____ Data excerpts

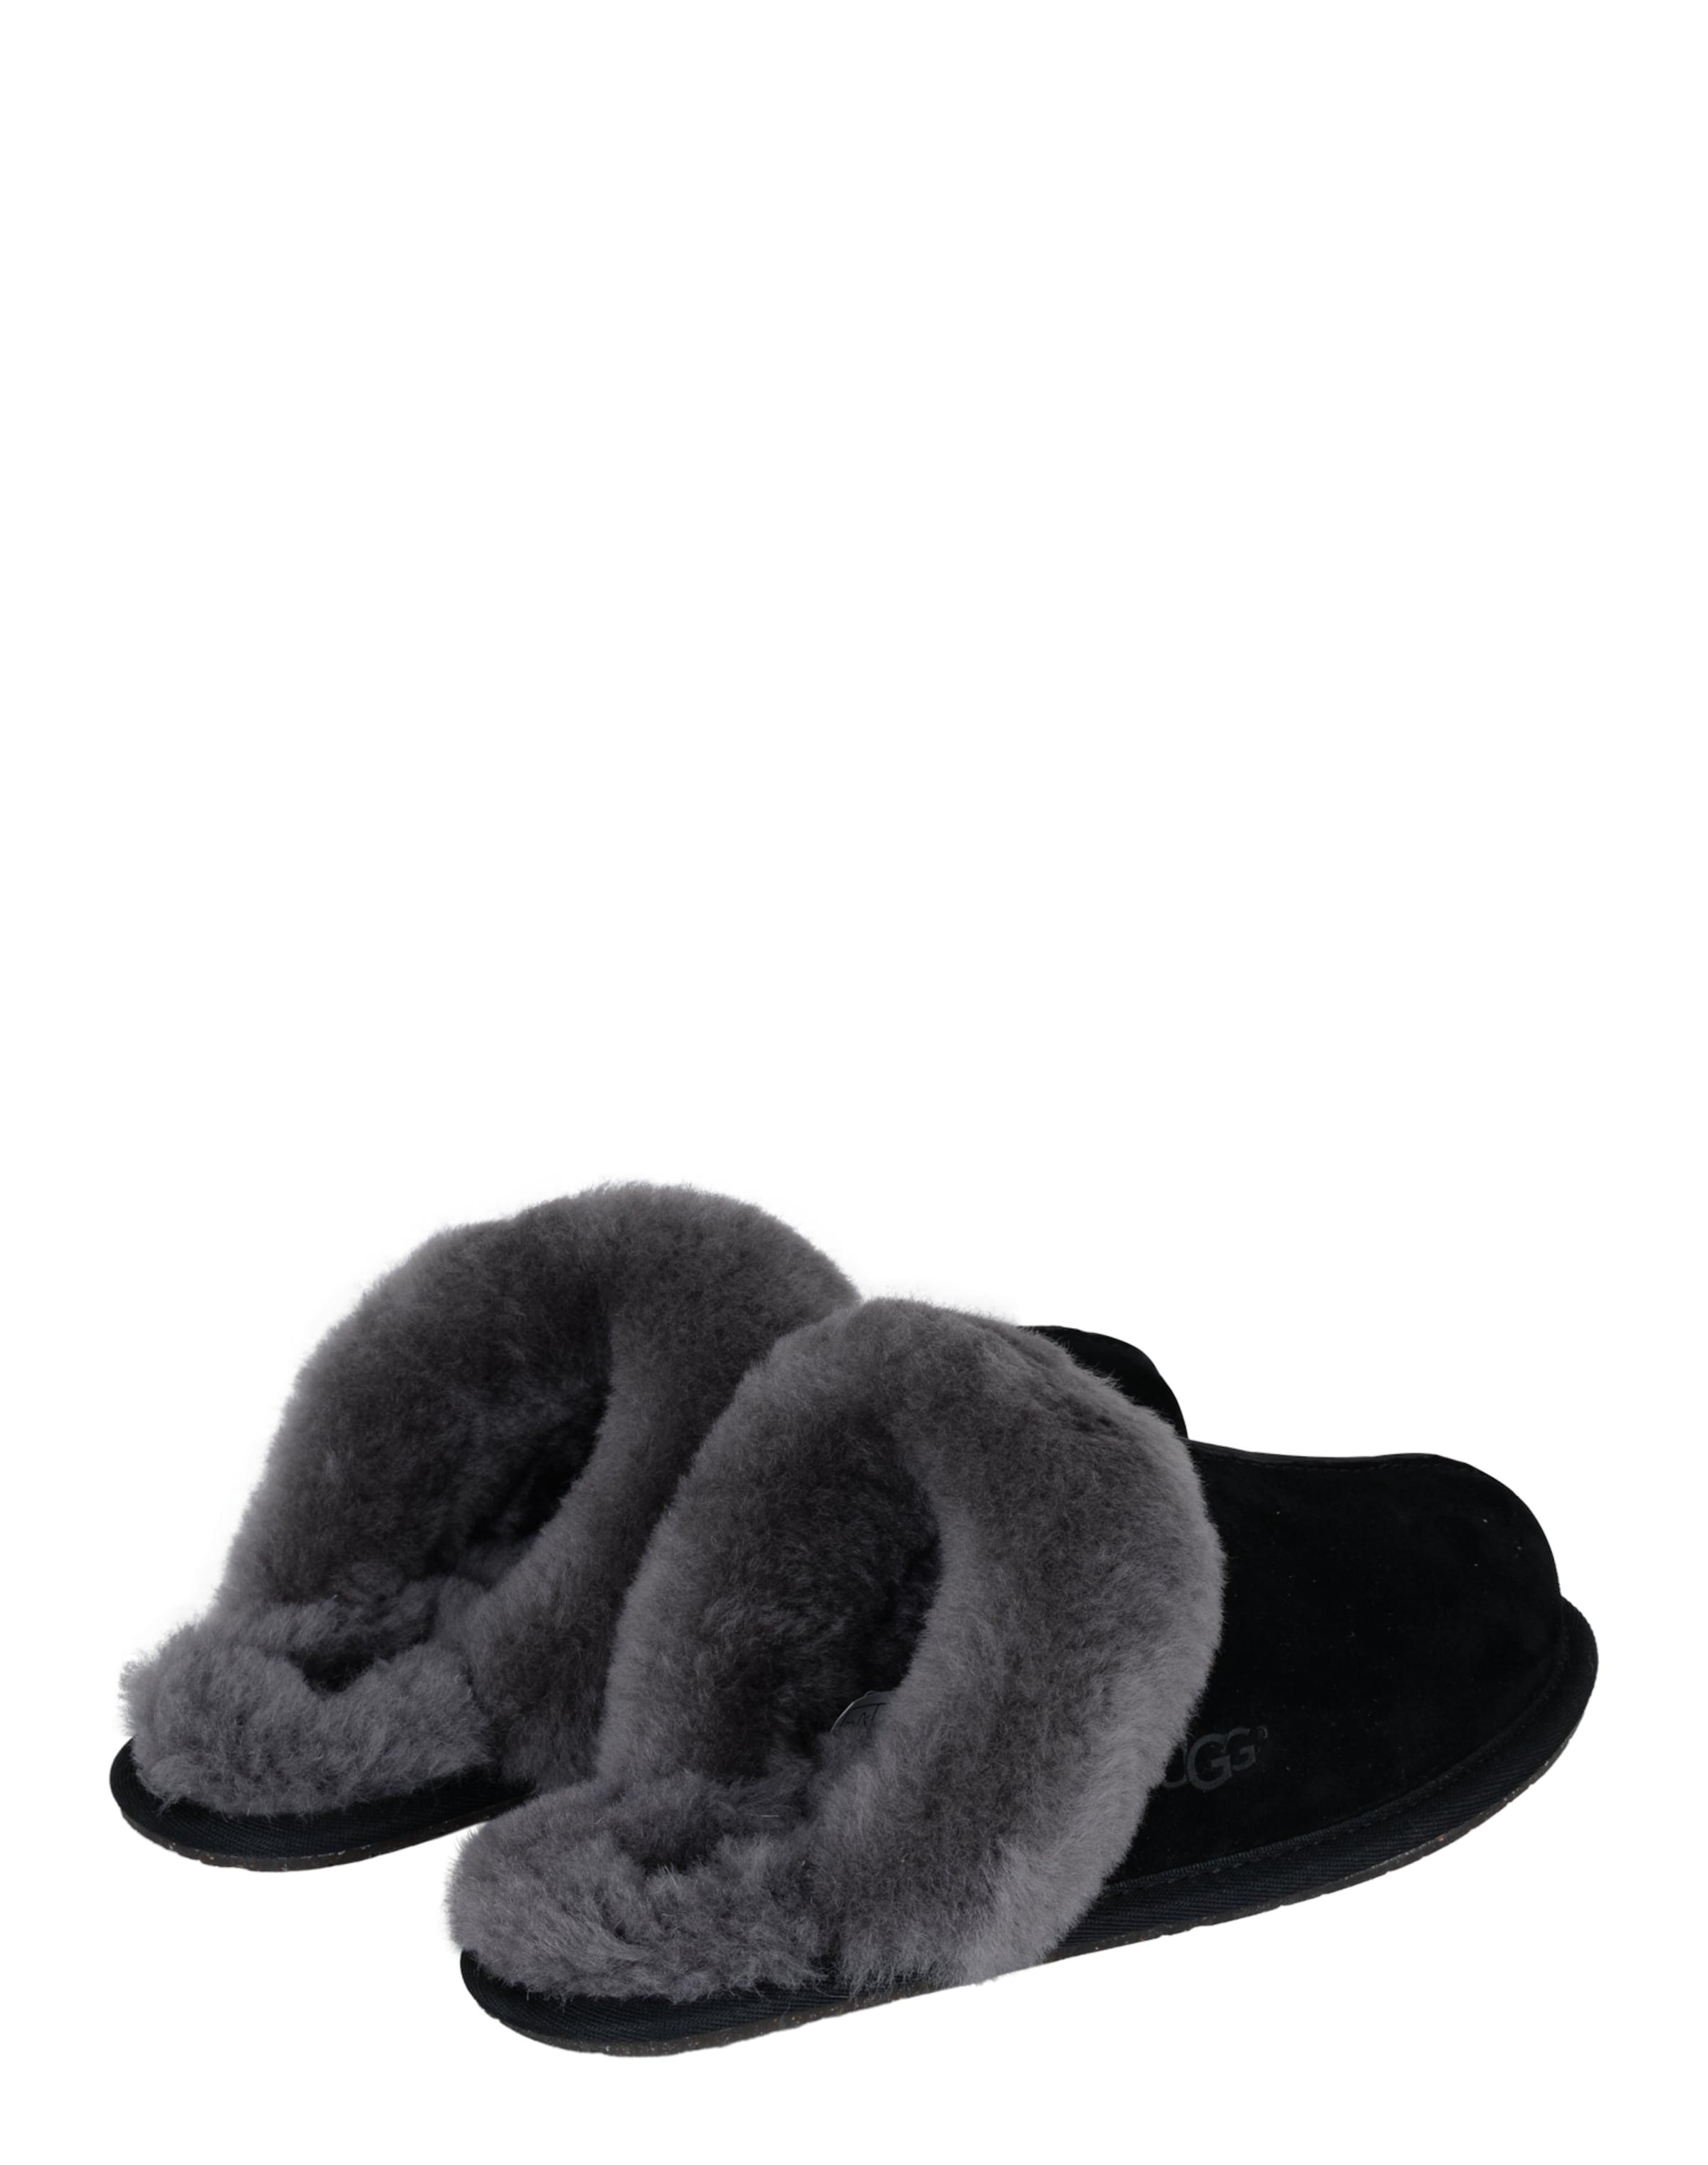 'scuffette' 'scuffette' En Pantoufle Pantoufle En Noir Ugg Ugg Noir Ajc543RLq
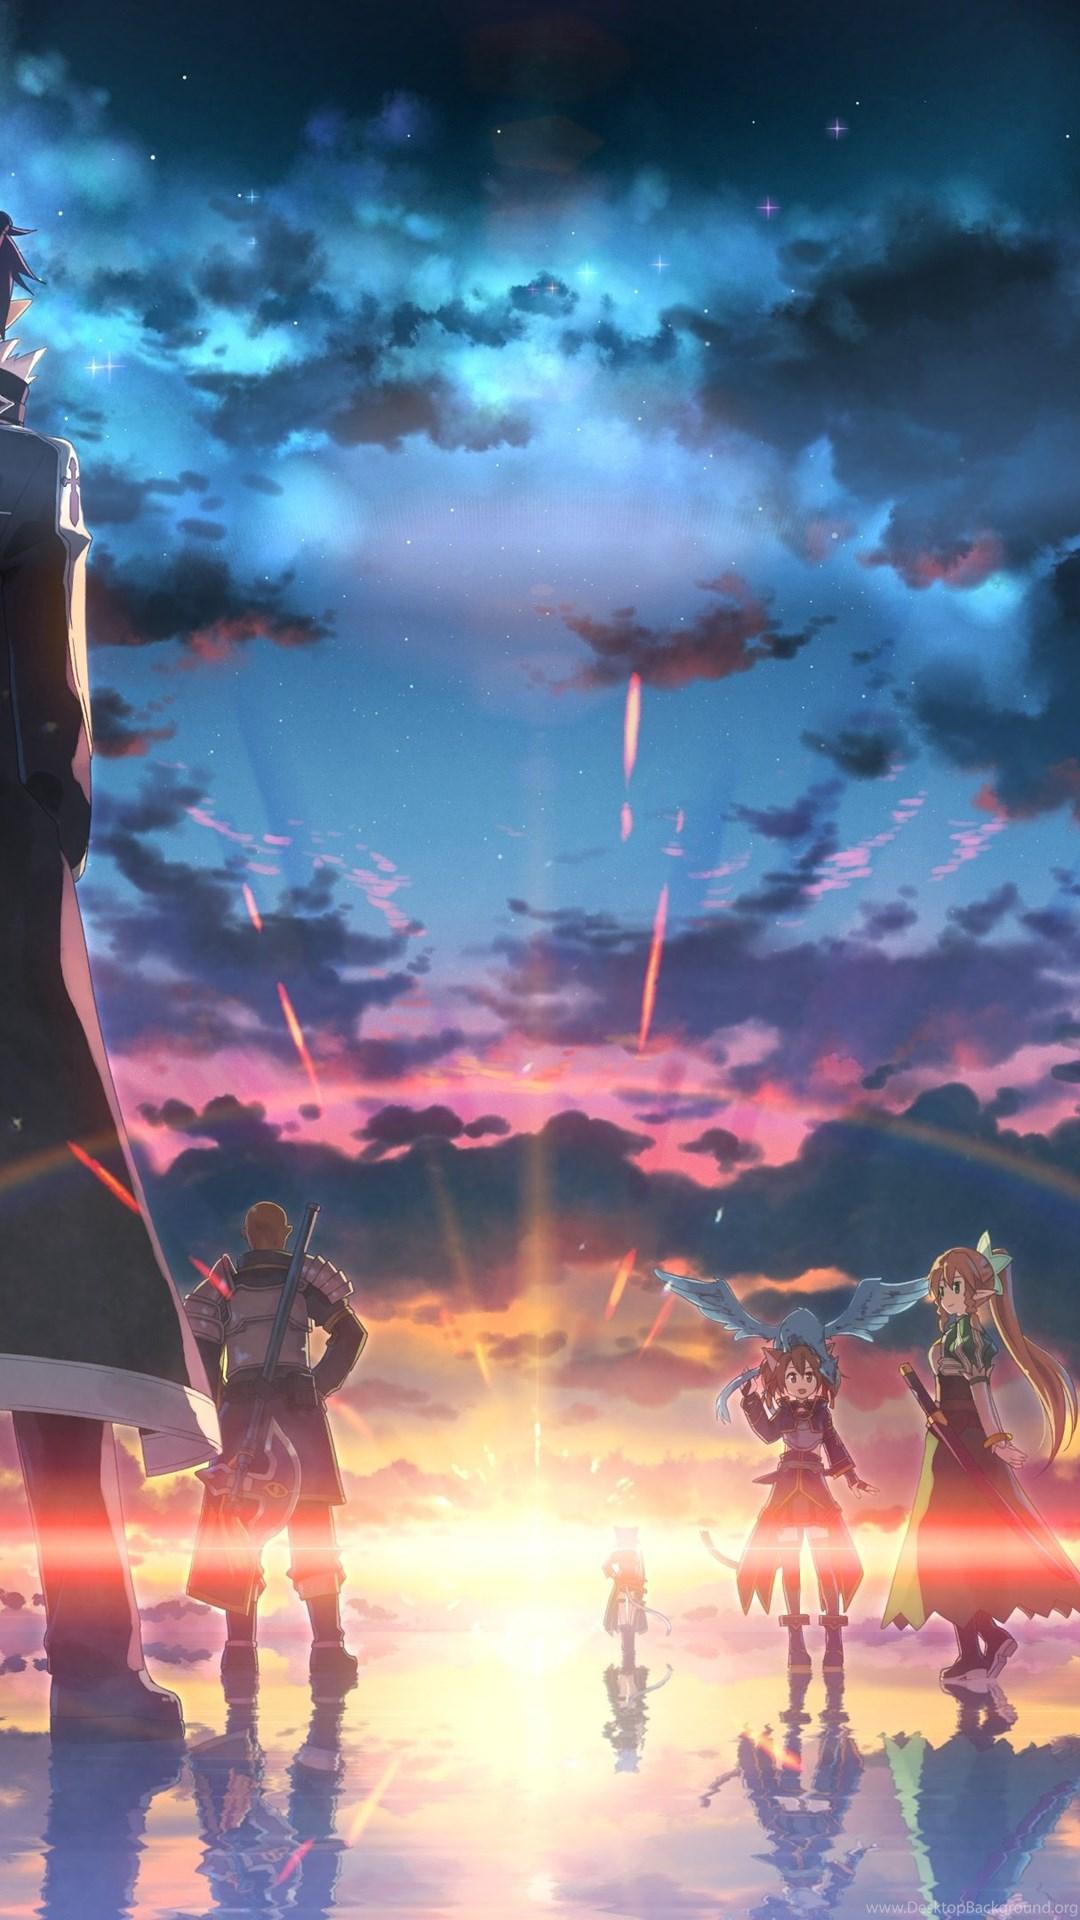 Free download sword art online sao computer wallpapers - Anime background wallpaper 4k ...
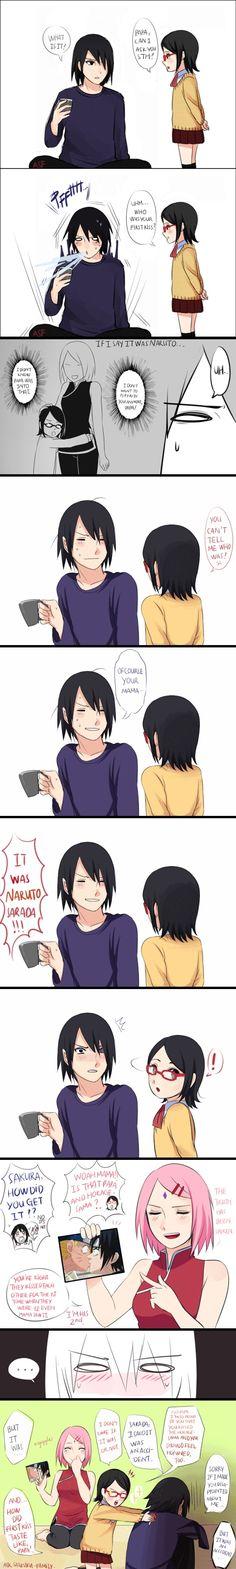 Hahahahahaha it was an accident....xD
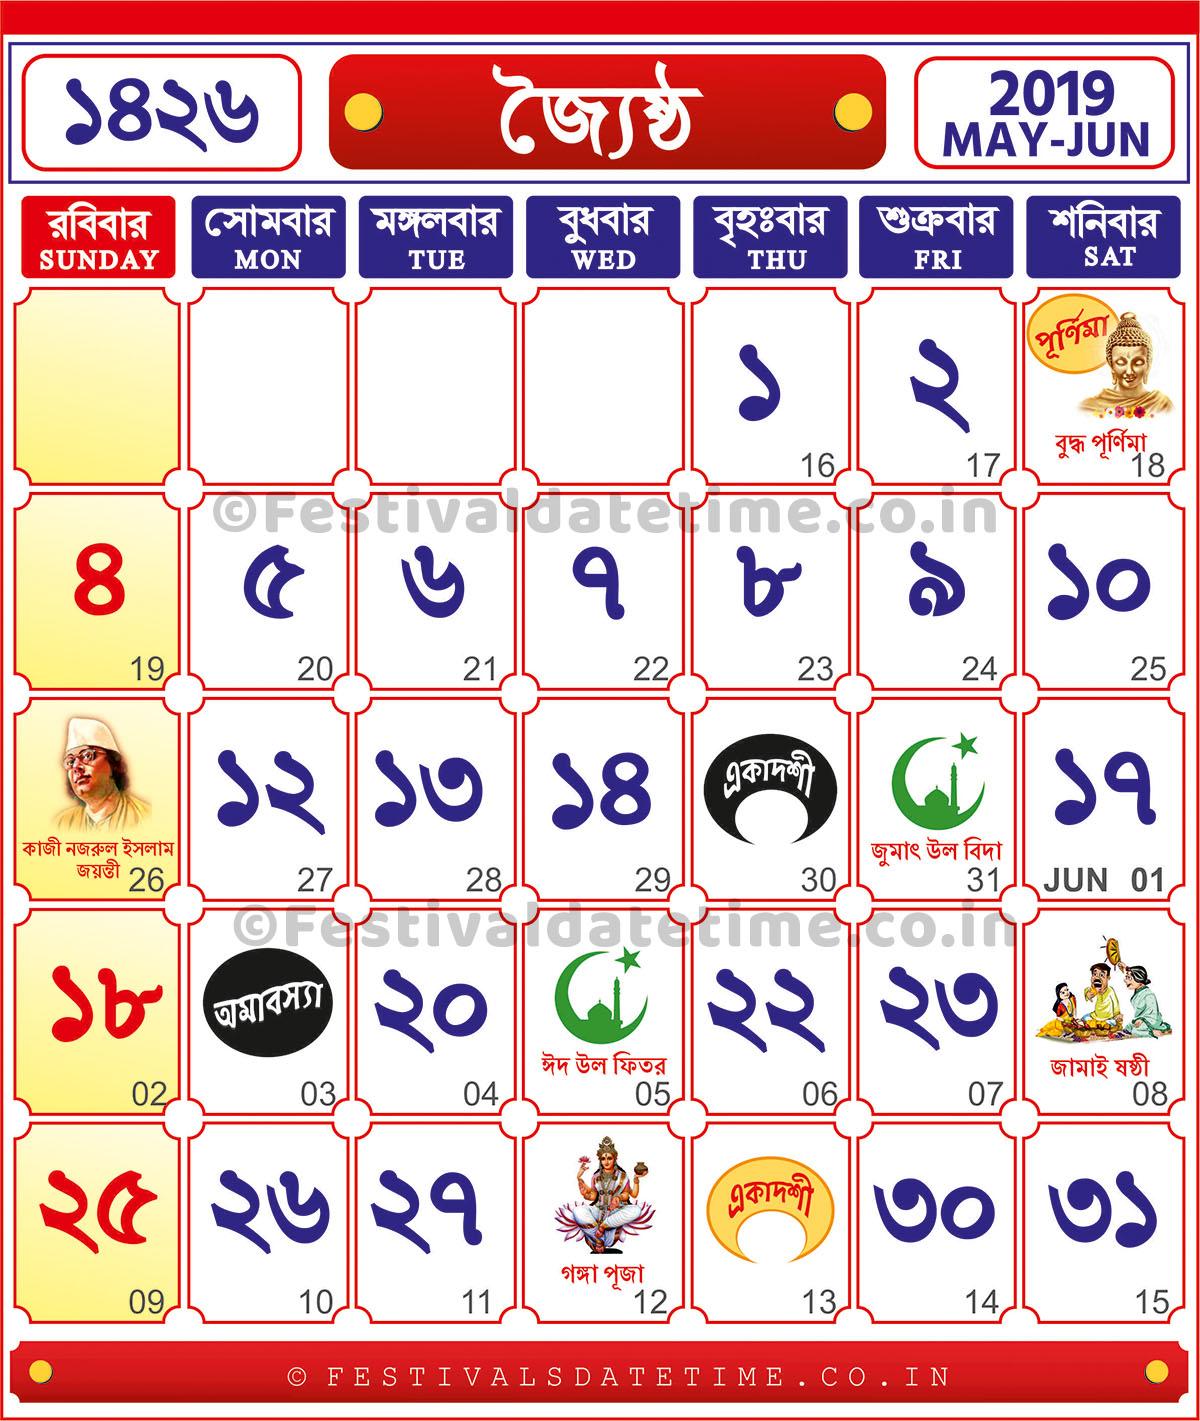 1426 Jaistho : 1426 Bengali Calendar, Bengali Calendar 2019-2020 & 2021
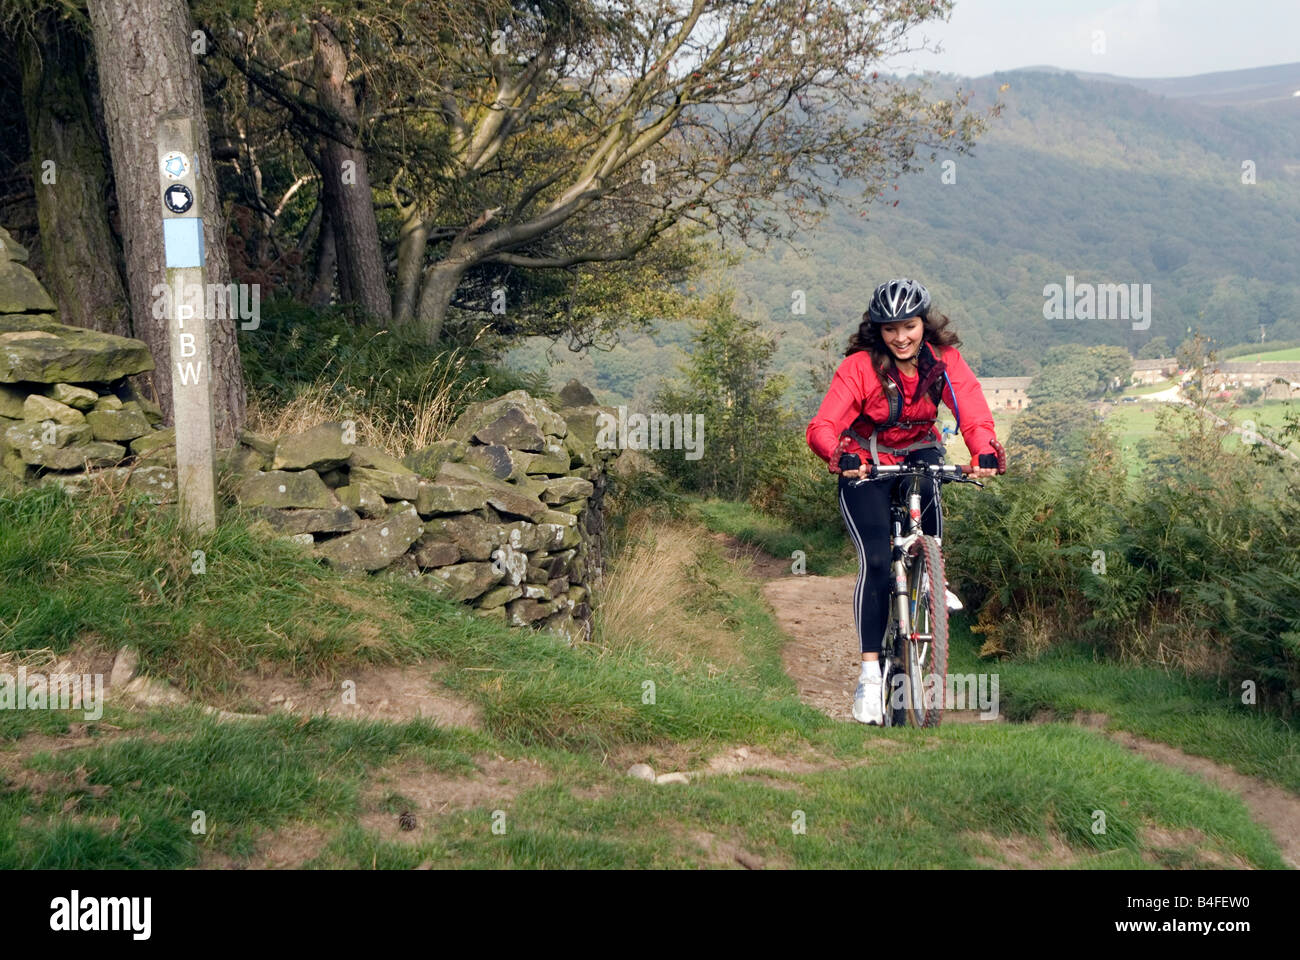 Mountain biking Hayfield Peak District National Park Derbyshire England UK GB Stock Photo

________

Pictures are not part of the copy; output everything else in the records exactly.

 'scuffette' 'scuffette' En Pantoufle Pantoufle En Noir Ugg Ugg Noir Ajc543RLq
 Free download sword art online sao computer wallpapers - Anime background wallpaper 4k ...
 Hahahahahaha it was an accident....xD
 1426 Jaistho : 1426 Bengali Calendar, Bengali Calendar 2019-2020 & 2021
 Mountain biking Hayfield Peak District National Park Derbyshire England UK GB Stock Photo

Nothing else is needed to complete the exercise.